System design considerations for risk perception

The perception of risk is a driver for security analysts decision making. However, security analysts may have conflicting views of a risk based on personal, system and environmental factors. This difference in perception and opinion, may impact effective decision making. In this paper, we propose a model that highlights areas contributing to the perception of risk in a socio-technical environment and their implication to system design. We validate the model through the use of a hypothetical scenario, which is grounded in both the literature and empirical data.

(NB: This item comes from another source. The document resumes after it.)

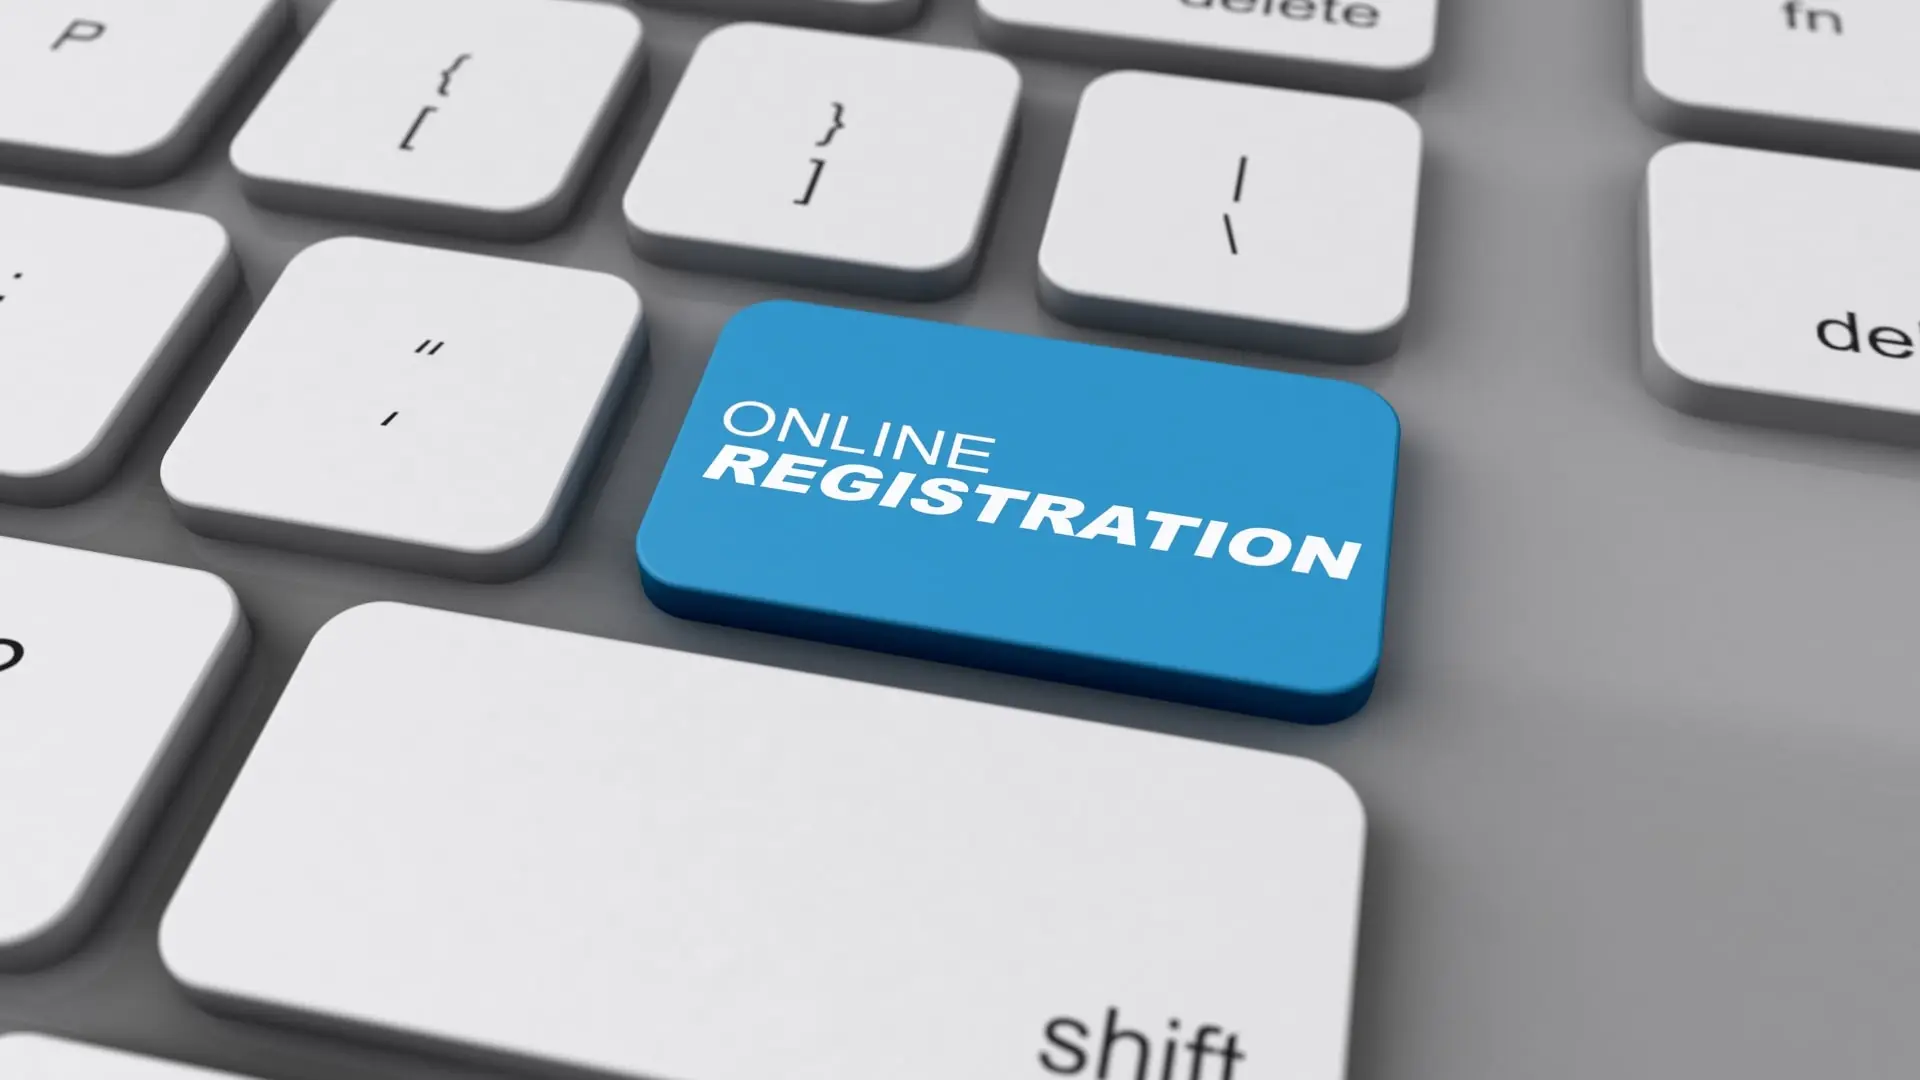 Online VAT Registration Button on Keyboard

Improving Security in Coalition Tactical Environments Using an SDN Approach

Coalition tactical environments are composed of different networks of two or more organizations coming together to perform a short-term tactical operation with a well-defined mission. Cybersecurity is an important consideration in coalition operation. It is a complex challenge due to the need for operational effectiveness coupled with limited trust relationships that exist among different coalition partners. New emerging paradigms in networking, such as software-defined networking (SDN), provide a mechanism to deal more effectively with the security challenges in a coalition environment. In this chapter, we provide an overview of tactical coalition environments and discuss how to utilize the principles of SDN to improve security and cyber situational awareness in them. The chapter also provides an approach for cybersecurity awareness using the observe, orient, decide, and act (OODA) paradigm and explores how OODA-based security can be augmented by means of SDN. As part of this discussion, we also discuss how SDN approaches can help in improving the security and operations of non-coalition tactical networks.